§ Exercise brief:
With the pictures omitted, print exactly the lines below, from the one containing "KAZAN, RUSSIA - JUNE" through the one containing "Used book sale", and nothing else.

§ Available data:
-*-
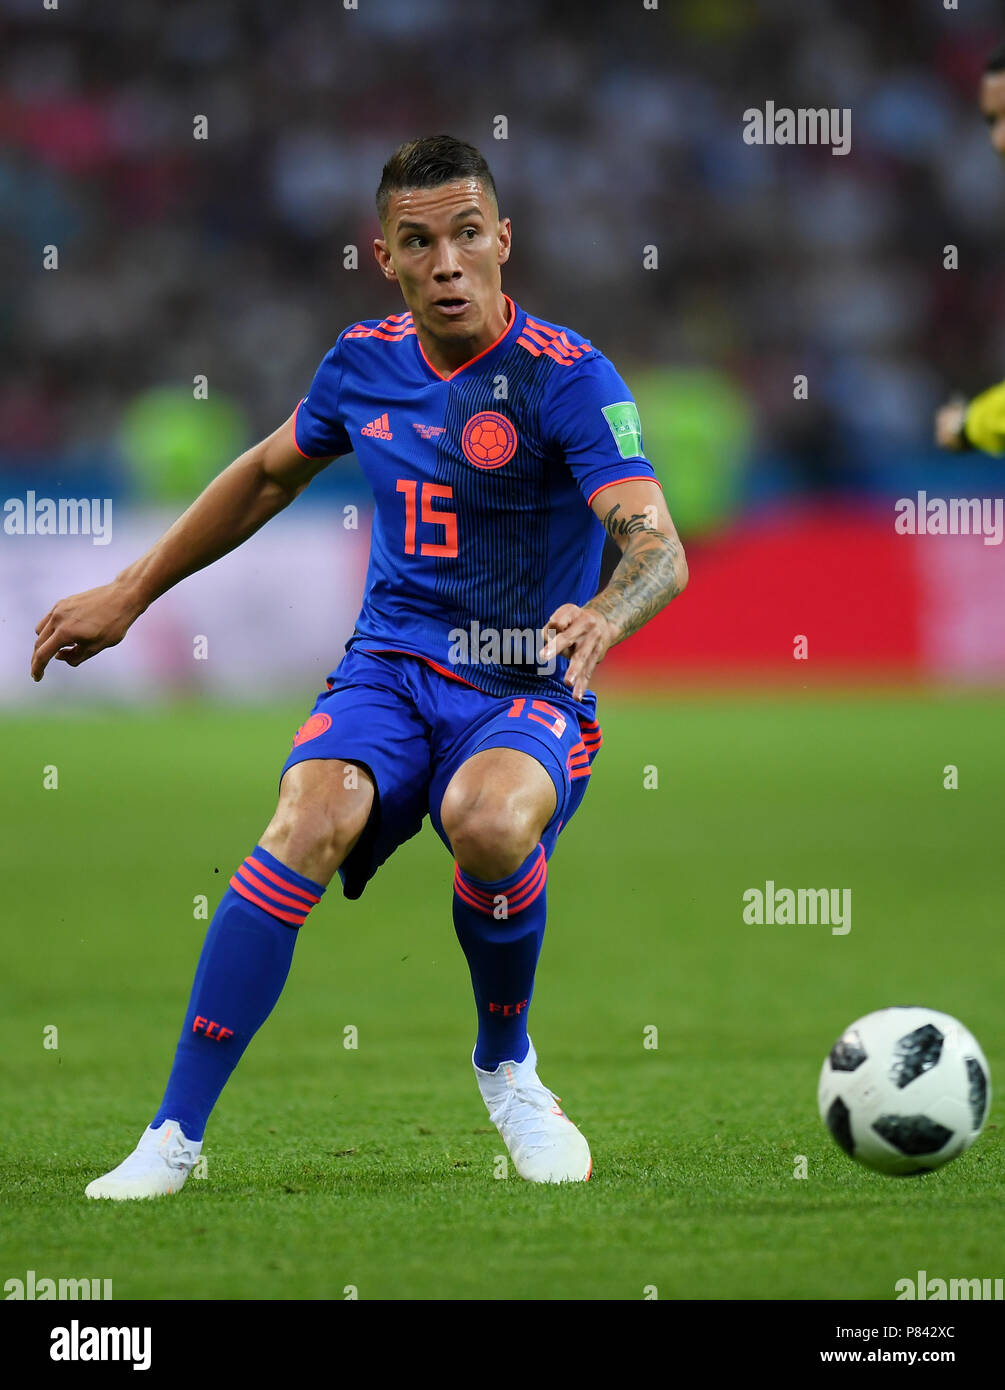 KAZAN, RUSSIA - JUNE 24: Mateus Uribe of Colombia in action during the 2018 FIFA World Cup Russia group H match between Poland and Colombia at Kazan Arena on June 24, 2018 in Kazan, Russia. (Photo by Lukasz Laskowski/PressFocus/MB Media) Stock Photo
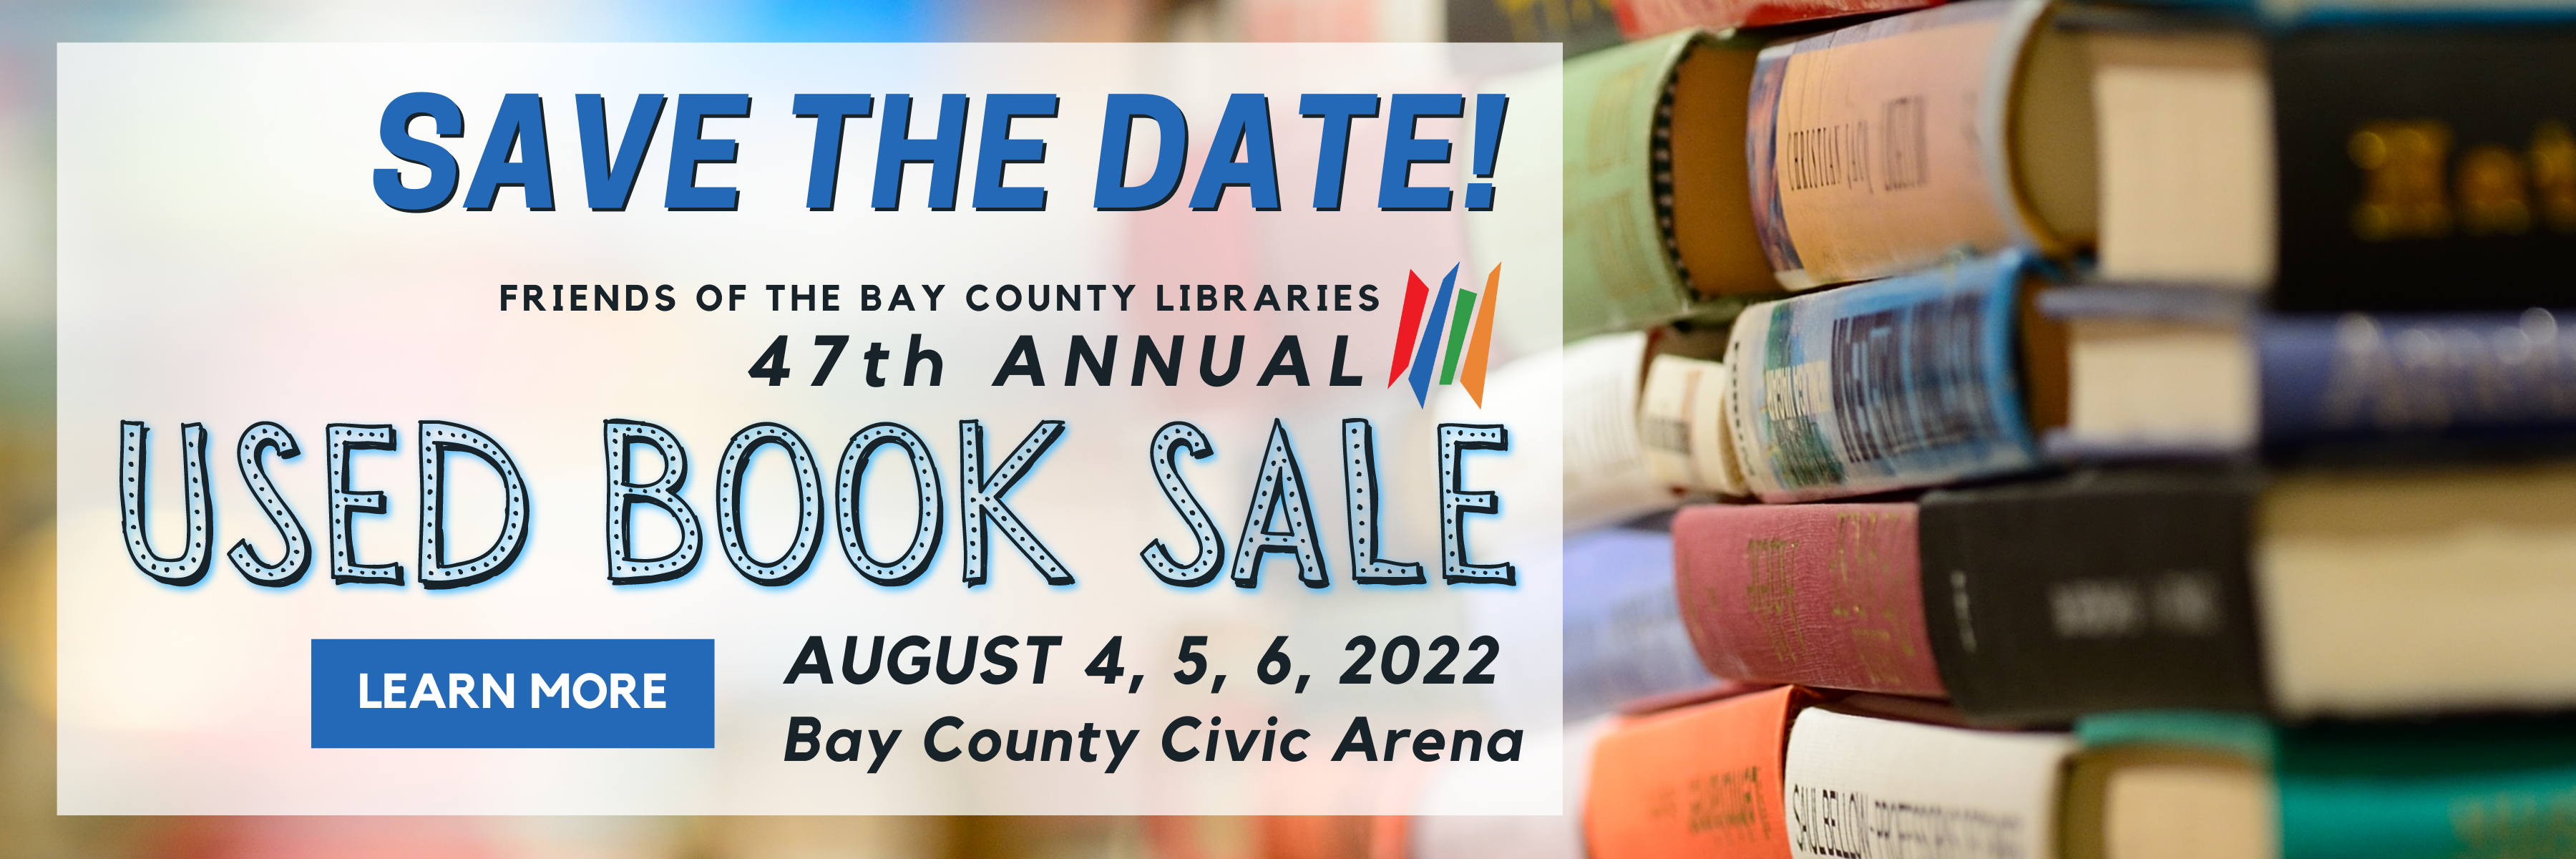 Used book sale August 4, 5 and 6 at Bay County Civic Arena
-*-
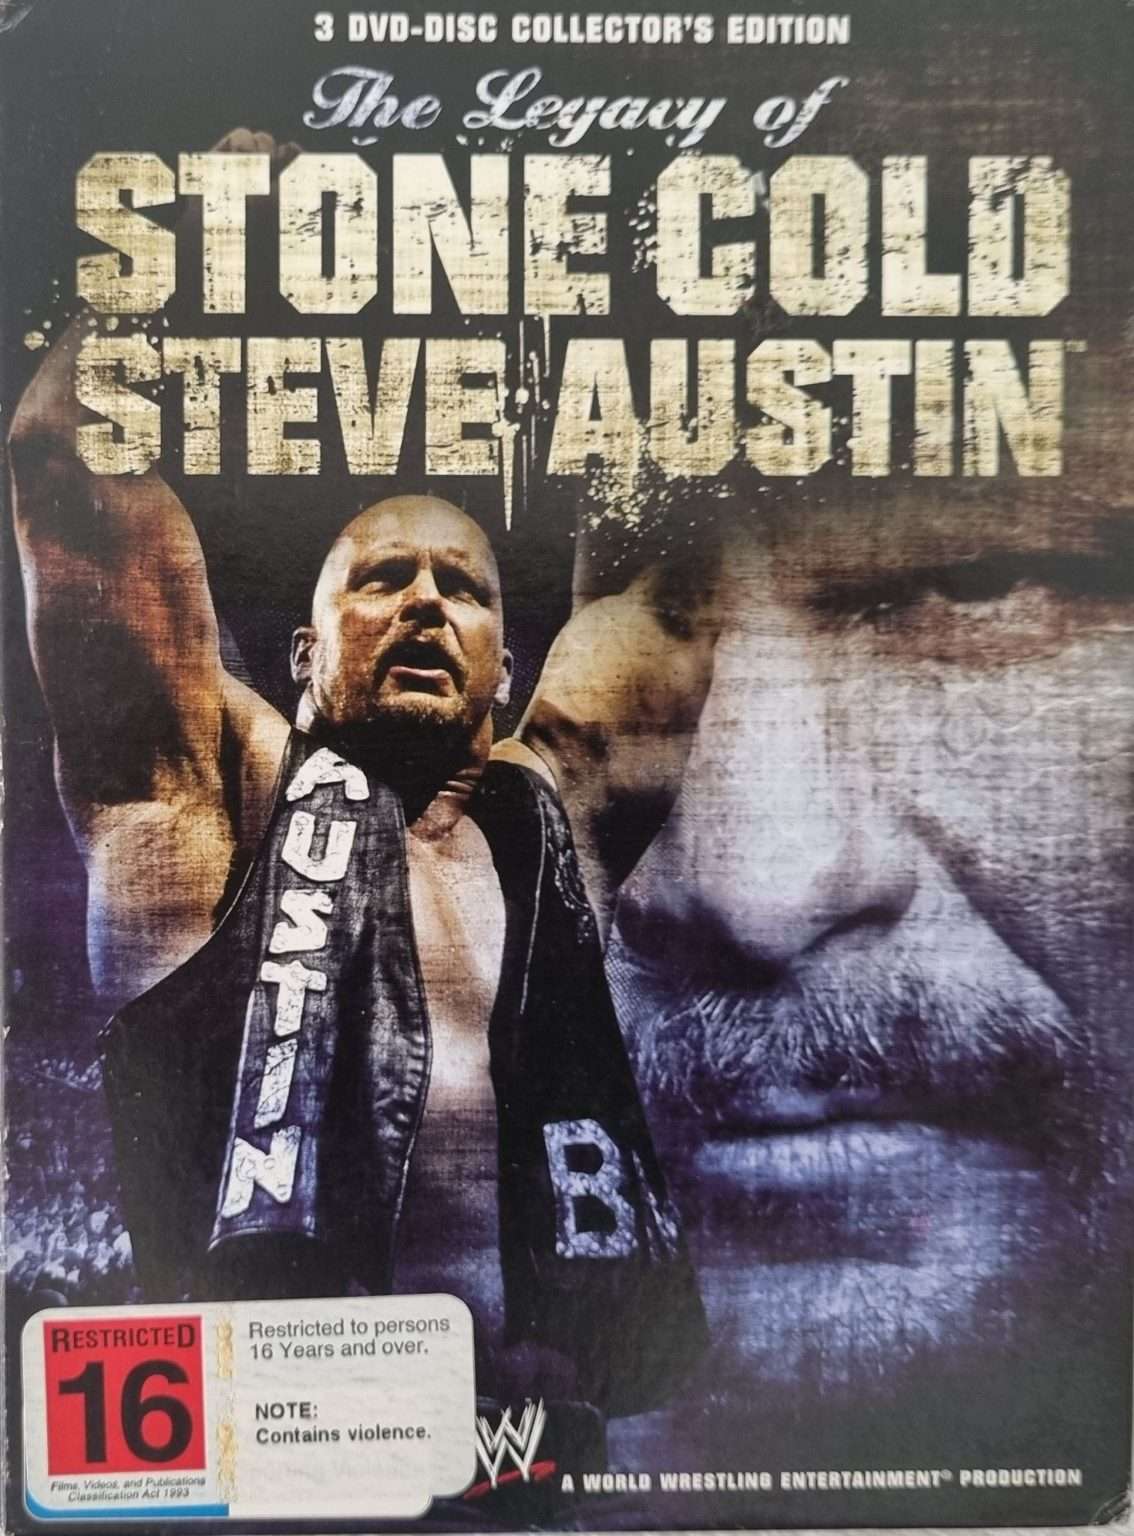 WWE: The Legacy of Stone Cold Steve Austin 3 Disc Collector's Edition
-*-
§ Exercise response:
 KAZAN, RUSSIA - JUNE 24: Mateus Uribe of Colombia in action during the 2018 FIFA World Cup Russia group H match between Poland and Colombia at Kazan Arena on June 24, 2018 in Kazan, Russia. (Photo by Lukasz Laskowski/PressFocus/MB Media) Stock Photo
 Used book sale August 4, 5 and 6 at Bay County Civic Arena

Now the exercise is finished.